Vitruvius meldt dat er specialisten waren: muurmozaïekers (genoemd musivarii) en vloermozaïeken (tessellarii). Het belangrijkste verschil tussen vloer- en muurmozaïeken (naast het voor de hand liggende) was het gebruik van glas - glas in vloeropstellingen was niet praktisch. Het is mogelijk dat sommige mozaïeken, misschien wel de meeste, ter plaatse zijn gemaakt, maar het is ook mogelijk dat sommige van de uitgebreide zijn gemaakt in workshops.

Archeologen hebben nog geen bewijs gevonden voor de fysieke locaties van werkplaatsen waar de kunst mogelijk is verzameld. Geleerden zoals Sheila Campbell suggereren dat er indirect bewijs bestaat voor productie op basis van gildes. Regionale overeenkomsten in mozaïeken of een herhaalde combinatie van patronen in een standaardmotief kunnen erop wijzen dat mozaïeken zijn gebouwd door een groep mensen die taken deelden. Er zijn echter rondtrekkende werklieden bekend die van baan naar baan reisden, en sommige geleerden hebben gesuggereerd dat ze 'patroonboeken' droegen, reeksen motieven om de klant in staat te stellen een selectie te maken en toch een consistentie te produceren resultaat.

Archeologen moeten ook nog gebieden ontdekken waar zelf tesserae werden geproduceerd. De grootste kans is dat dit wordt geassocieerd met glasproductie: de meeste glassteentjes werden ofwel uit glasstaven gesneden of werden afgebroken uit gevormde glasstaven.

De meeste grote vloermozaïeken zijn moeilijk rechtdoor te fotograferen en veel geleerden hebben hun toevlucht genomen tot het bouwen van steigers erboven om een ​​objectief gerectificeerd beeld te krijgen. Maar geleerde Rebecca Molholt (2011) denkt dat dit het doel zou kunnen verslaan.

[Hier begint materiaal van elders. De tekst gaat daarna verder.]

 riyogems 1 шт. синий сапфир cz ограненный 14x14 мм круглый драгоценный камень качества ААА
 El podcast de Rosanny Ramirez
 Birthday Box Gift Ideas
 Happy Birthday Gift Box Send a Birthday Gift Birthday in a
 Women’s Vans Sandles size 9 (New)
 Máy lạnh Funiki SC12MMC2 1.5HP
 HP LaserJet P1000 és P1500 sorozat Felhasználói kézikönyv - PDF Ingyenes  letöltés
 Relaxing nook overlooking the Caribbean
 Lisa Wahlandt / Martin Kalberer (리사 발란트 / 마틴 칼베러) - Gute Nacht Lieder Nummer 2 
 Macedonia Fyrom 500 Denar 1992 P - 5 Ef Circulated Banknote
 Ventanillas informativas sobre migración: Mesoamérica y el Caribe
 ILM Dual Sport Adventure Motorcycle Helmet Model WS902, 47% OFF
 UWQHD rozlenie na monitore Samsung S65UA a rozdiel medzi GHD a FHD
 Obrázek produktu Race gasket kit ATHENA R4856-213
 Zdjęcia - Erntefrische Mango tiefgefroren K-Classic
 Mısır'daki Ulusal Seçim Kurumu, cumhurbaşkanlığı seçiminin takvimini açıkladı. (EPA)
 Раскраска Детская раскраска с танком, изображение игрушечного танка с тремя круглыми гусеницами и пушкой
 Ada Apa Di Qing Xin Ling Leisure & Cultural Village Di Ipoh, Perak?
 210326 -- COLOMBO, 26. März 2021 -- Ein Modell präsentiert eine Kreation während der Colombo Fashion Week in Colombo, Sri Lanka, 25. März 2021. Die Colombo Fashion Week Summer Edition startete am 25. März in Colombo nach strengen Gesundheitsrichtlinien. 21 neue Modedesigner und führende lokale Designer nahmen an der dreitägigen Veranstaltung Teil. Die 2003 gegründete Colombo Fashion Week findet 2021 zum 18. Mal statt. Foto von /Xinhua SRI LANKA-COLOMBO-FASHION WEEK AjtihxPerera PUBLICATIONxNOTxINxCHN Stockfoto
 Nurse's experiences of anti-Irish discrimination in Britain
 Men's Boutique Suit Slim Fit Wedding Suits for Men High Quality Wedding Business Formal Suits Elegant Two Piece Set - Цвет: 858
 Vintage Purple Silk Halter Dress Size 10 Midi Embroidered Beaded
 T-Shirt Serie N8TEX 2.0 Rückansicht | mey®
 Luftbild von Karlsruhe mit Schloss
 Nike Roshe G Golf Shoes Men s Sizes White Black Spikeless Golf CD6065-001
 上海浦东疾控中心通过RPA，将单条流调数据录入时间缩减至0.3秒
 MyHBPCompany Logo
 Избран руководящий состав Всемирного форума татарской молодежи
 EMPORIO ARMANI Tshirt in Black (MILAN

Molholt stelt dat een vloermozaïek vanaf de begane grond en op zijn plaats moet worden bestudeerd. Het mozaïek maakt deel uit van een grotere context, zegt Molholt, in staat om de ruimte die het definieert opnieuw te definiëren - het perspectief dat je vanaf de grond ziet, maakt daar deel van uit. Elke stoep zou door de toeschouwer zijn aangeraakt of gevoeld, misschien zelfs door de blote voet van de bezoeker.

Molholt bespreekt met name de visuele impact van labyrint- of doolhofmozaïeken, waarvan er 56 bekend zijn uit de Romeinse tijd. De meeste komen uit huizen, 14 komen uit Romeinse baden. Velen bevatten verwijzingen naar de mythe van Daedalus 'labyrint, waarin Theseus strijdt tegen de Minotaur in het hart van een doolhof en redt zo Ariadne. Sommige hebben een game-achtig aspect, met een duizelingwekkende kijk op hun abstracte ontwerpen.